Problem to work on:
Everything in the listing that follows should be reproduced exactly except the pictures.

Available data:
****

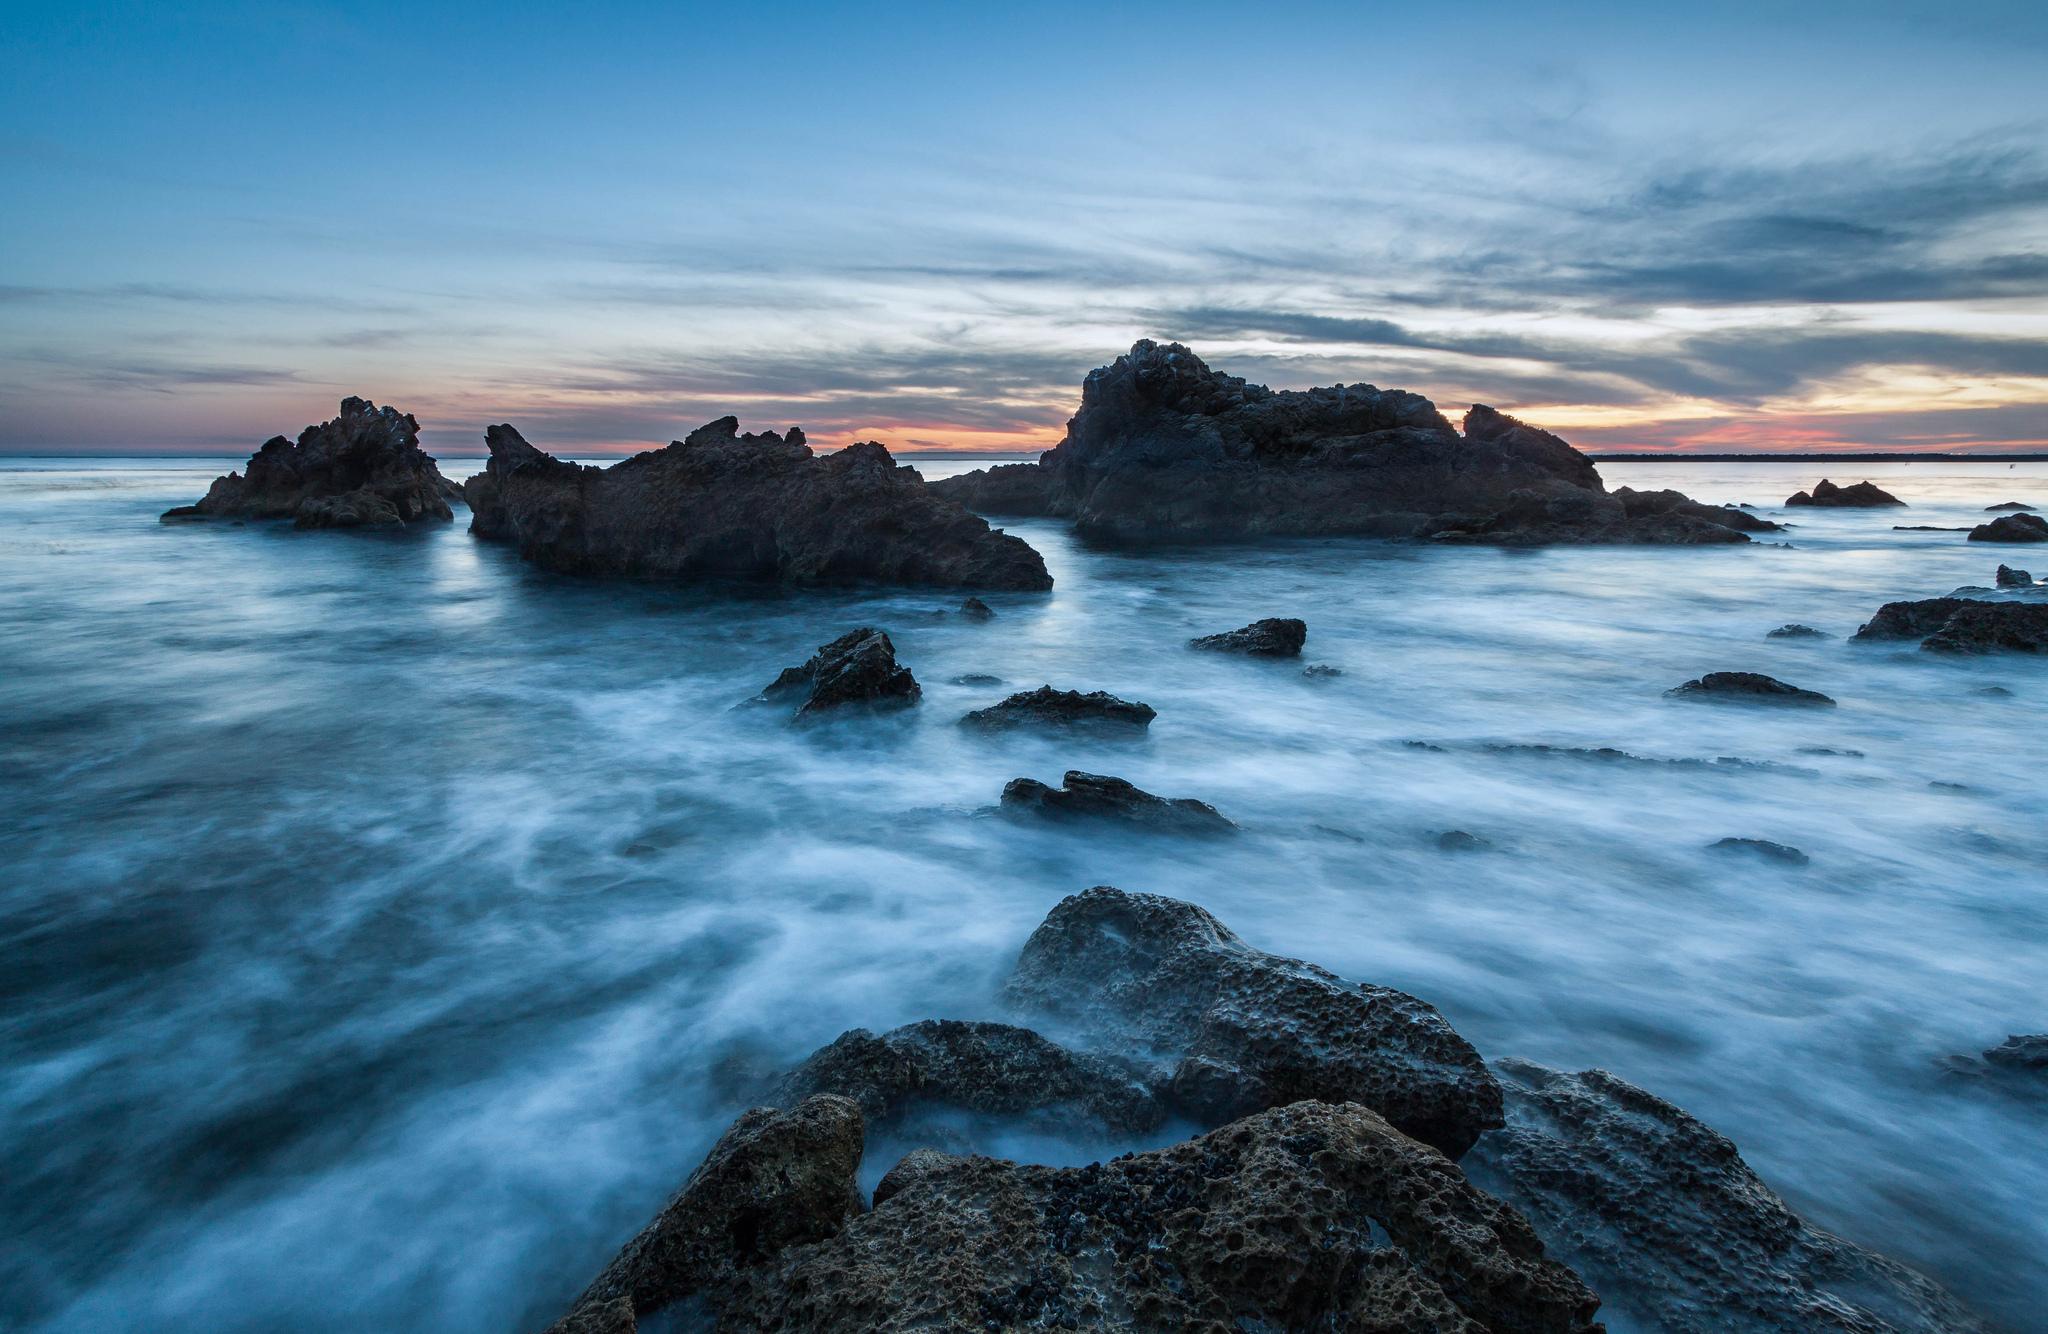 море океан камни скалы закат sea the ocean stones rock sunset  № 2530614  скачать
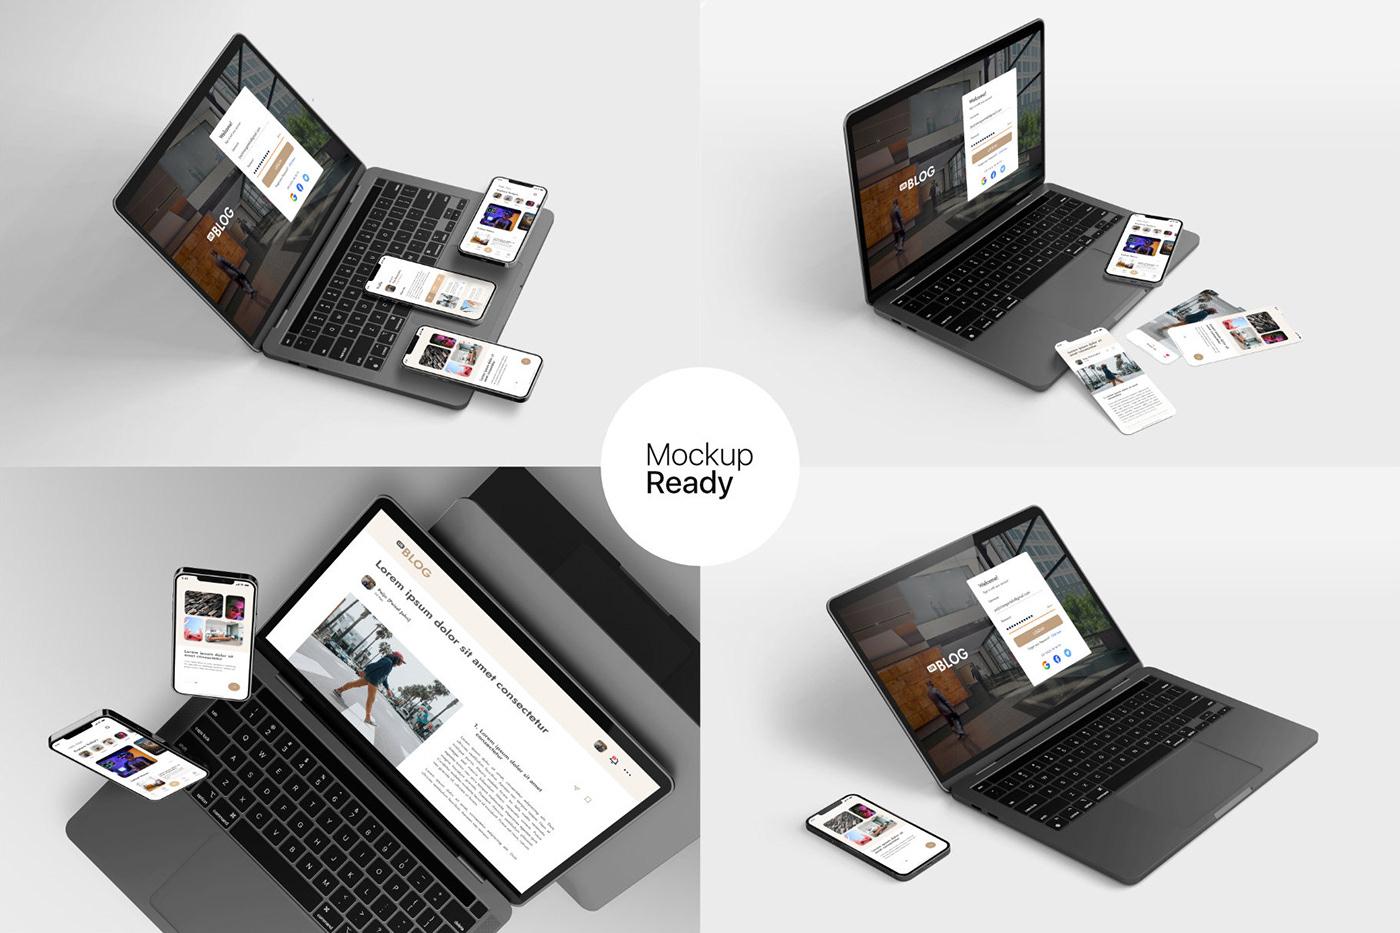 15个自适应网页APP界面设计苹果设备屏幕演示样机模板 UI/UX App Presentation – Phone & Notebook Mockup插图9
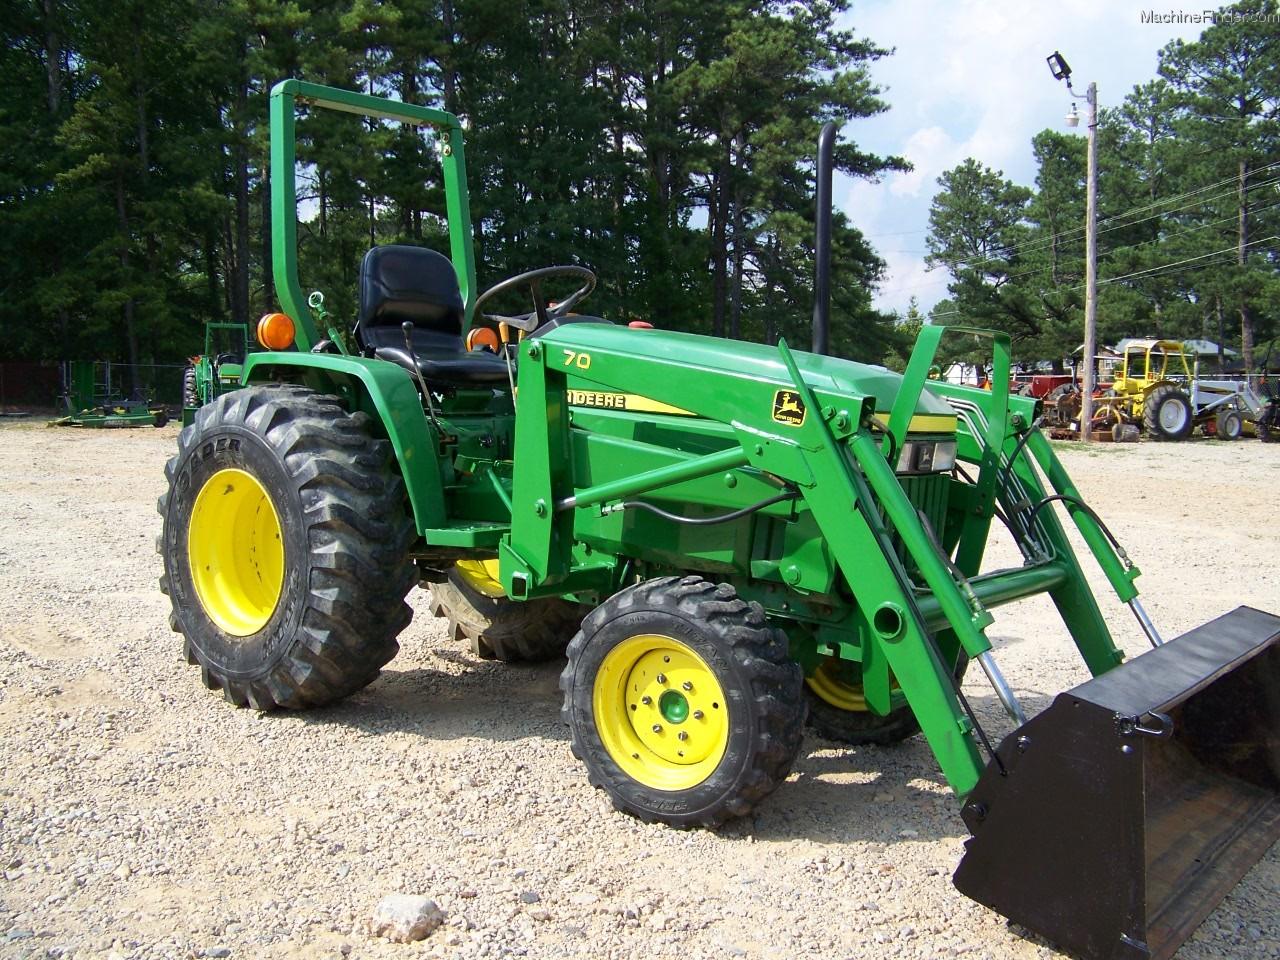 2002 John Deere 790 Tractors - Compact  1-40hp

****

Solution below:
 море океан камни скалы закат sea the ocean stones rock sunset  № 2530614  скачать
 15个自适应网页APP界面设计苹果设备屏幕演示样机模板 UI/UX App Presentation – Phone & Notebook Mockup插图9
 2002 John Deere 790 Tractors - Compact  1-40hp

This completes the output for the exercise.